PROBLEM REQUIREMENTS → Leave out the pictures and repeat the data exactly.

SUPPLIED INFORMATION →
****
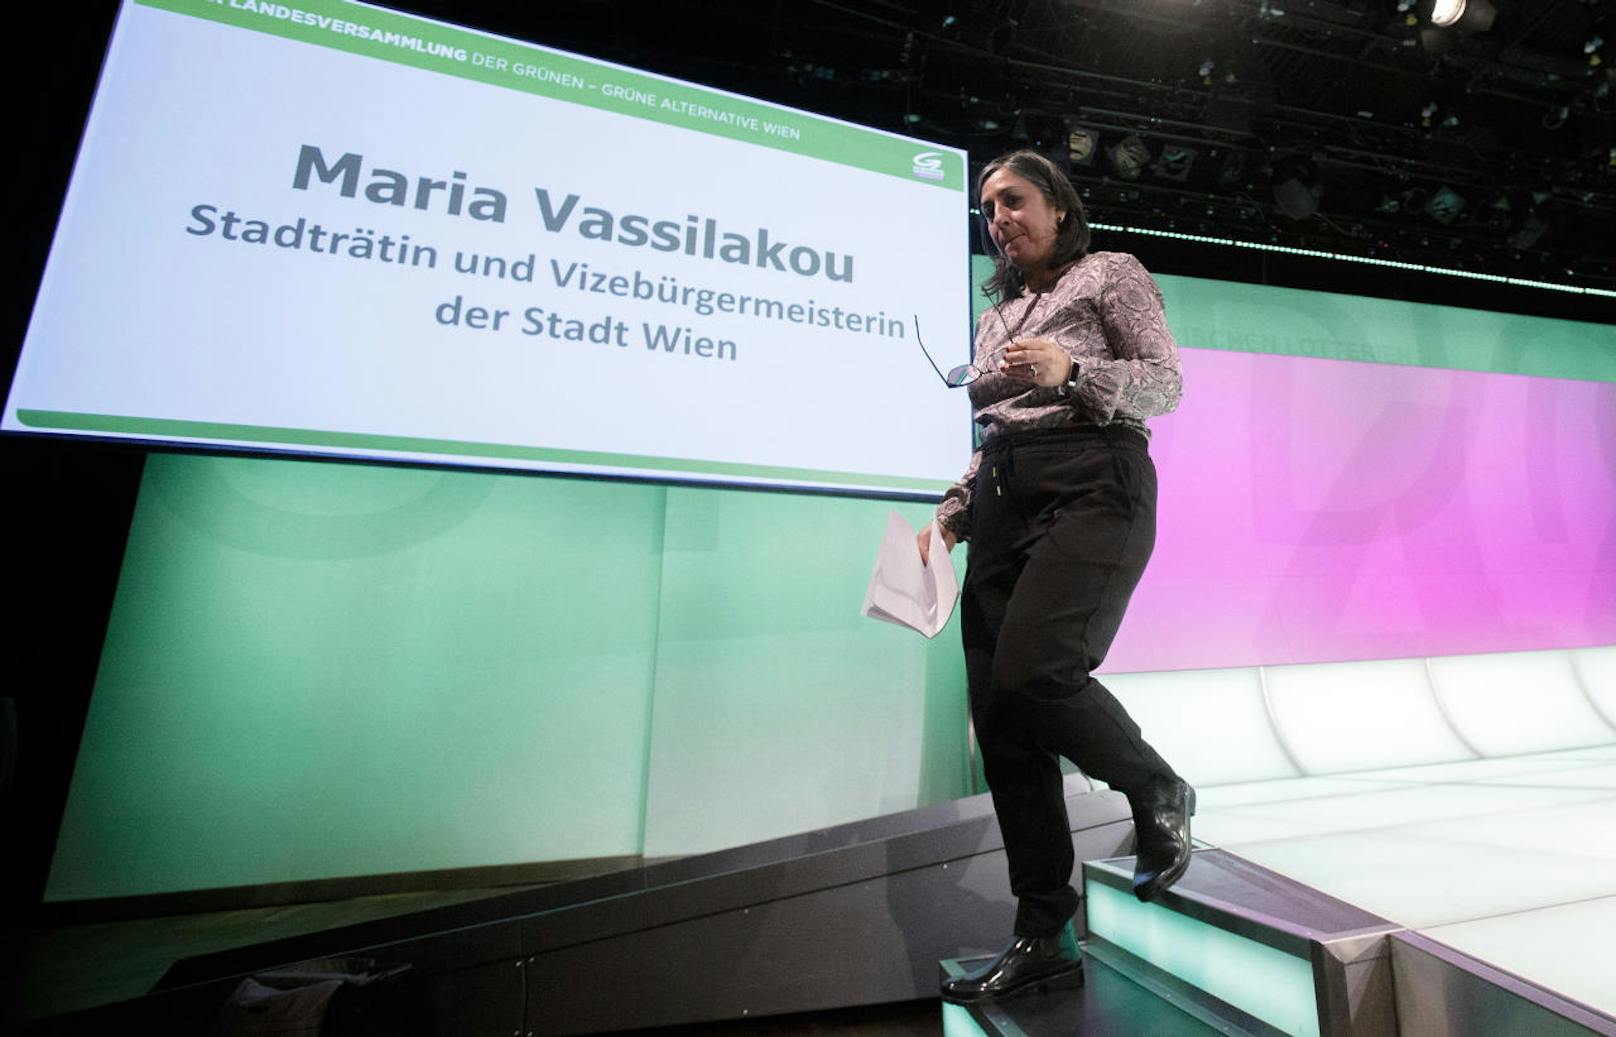 <b>November: Wiener Grüne putschen gegen Vizebürgermeisterin Maria Vassilakou
</b>Eine grüne Gruppierung forderte den Rücktritt von Vassilakou. Doch sie ließ sich davon nicht beeindrucken.  <a href="https://www.heute.at/oesterreich/wien/story/Gruene-stellen-Antrag-auf-Ruecktritt-von-Vassilakou-51572795">Hier geht's zur Geschichte</a>
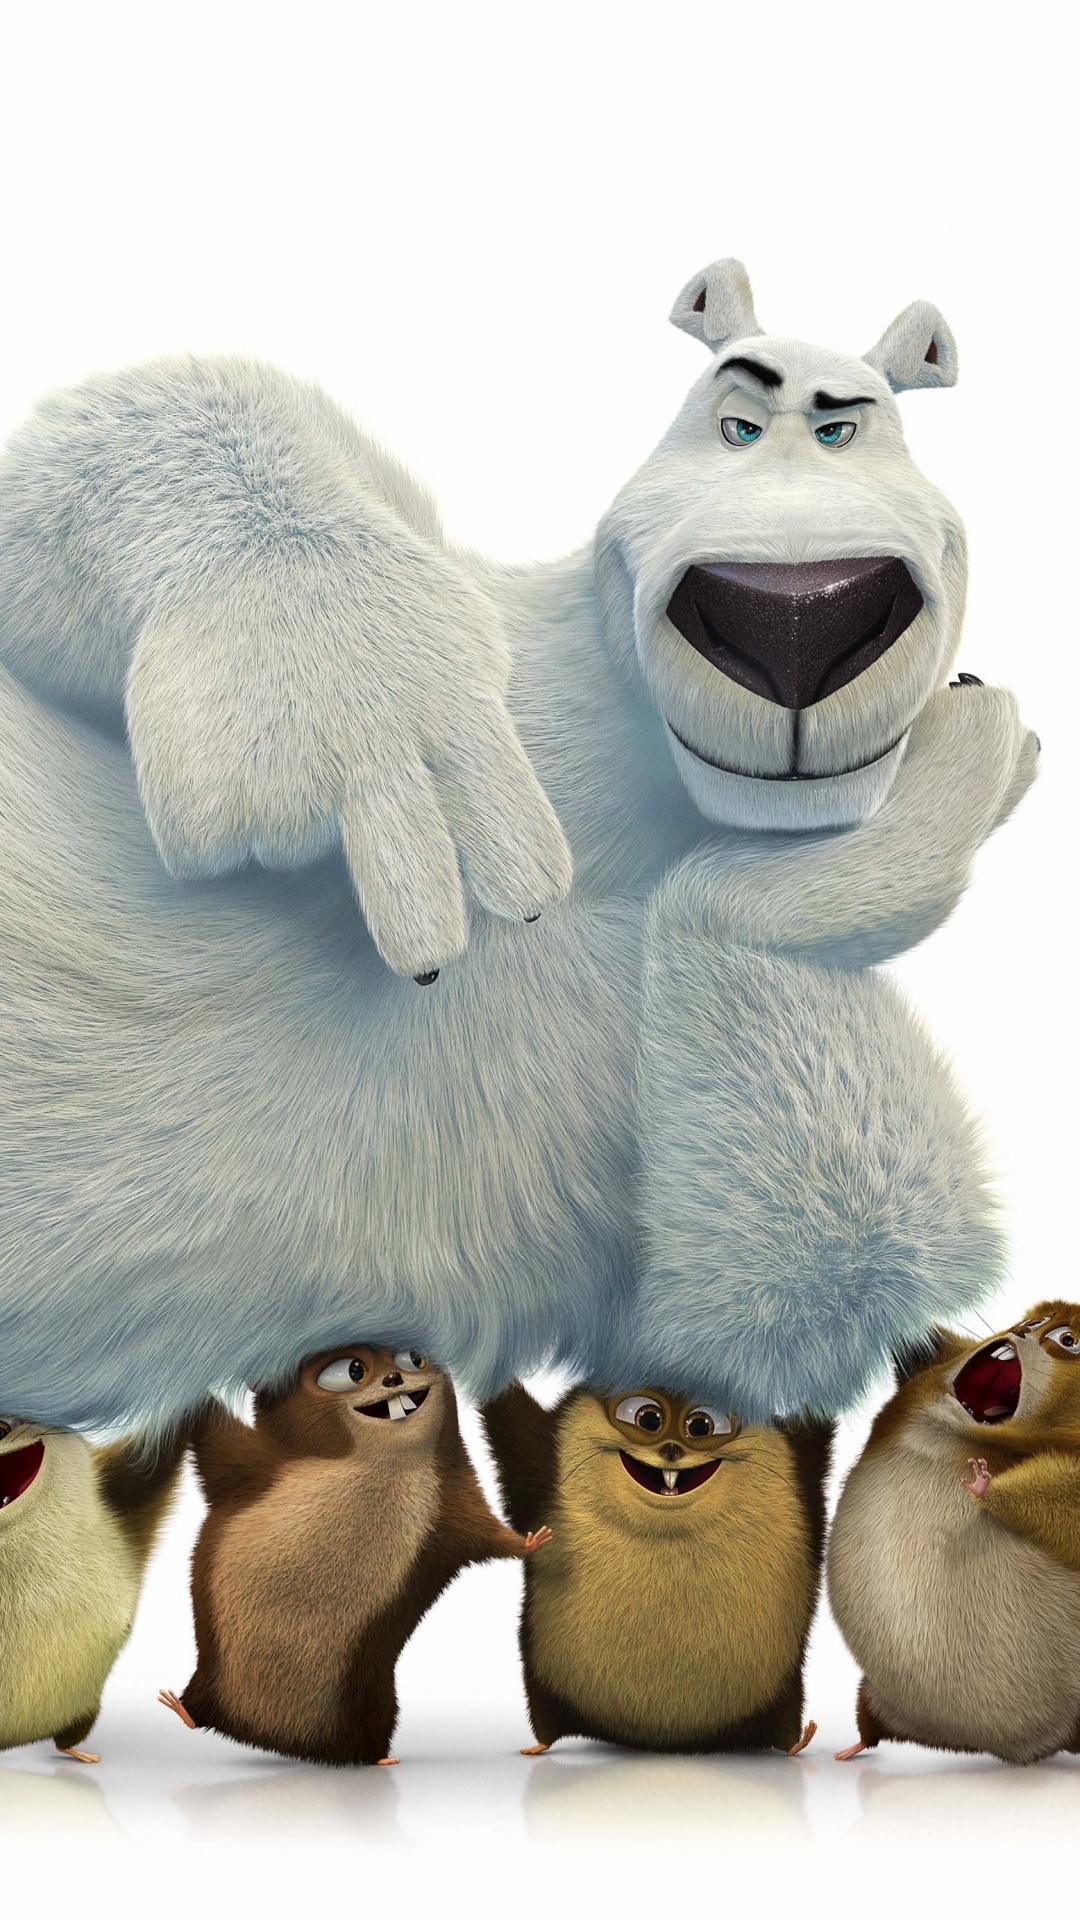 北极熊, 毛绒玩具, 动画, 毛绒, 电影 壁纸 1080x1920 允许
****
ANSWER BOX →
 <b>November: Wiener Grüne putschen gegen Vizebürgermeisterin Maria Vassilakou
</b>Eine grüne Gruppierung forderte den Rücktritt von Vassilakou. Doch sie ließ sich davon nicht beeindrucken.  <a href="https://www.heute.at/oesterreich/wien/story/Gruene-stellen-Antrag-auf-Ruecktritt-von-Vassilakou-51572795">Hier geht's zur Geschichte</a>
 北极熊, 毛绒玩具, 动画, 毛绒, 电影 壁纸 1080x1920 允许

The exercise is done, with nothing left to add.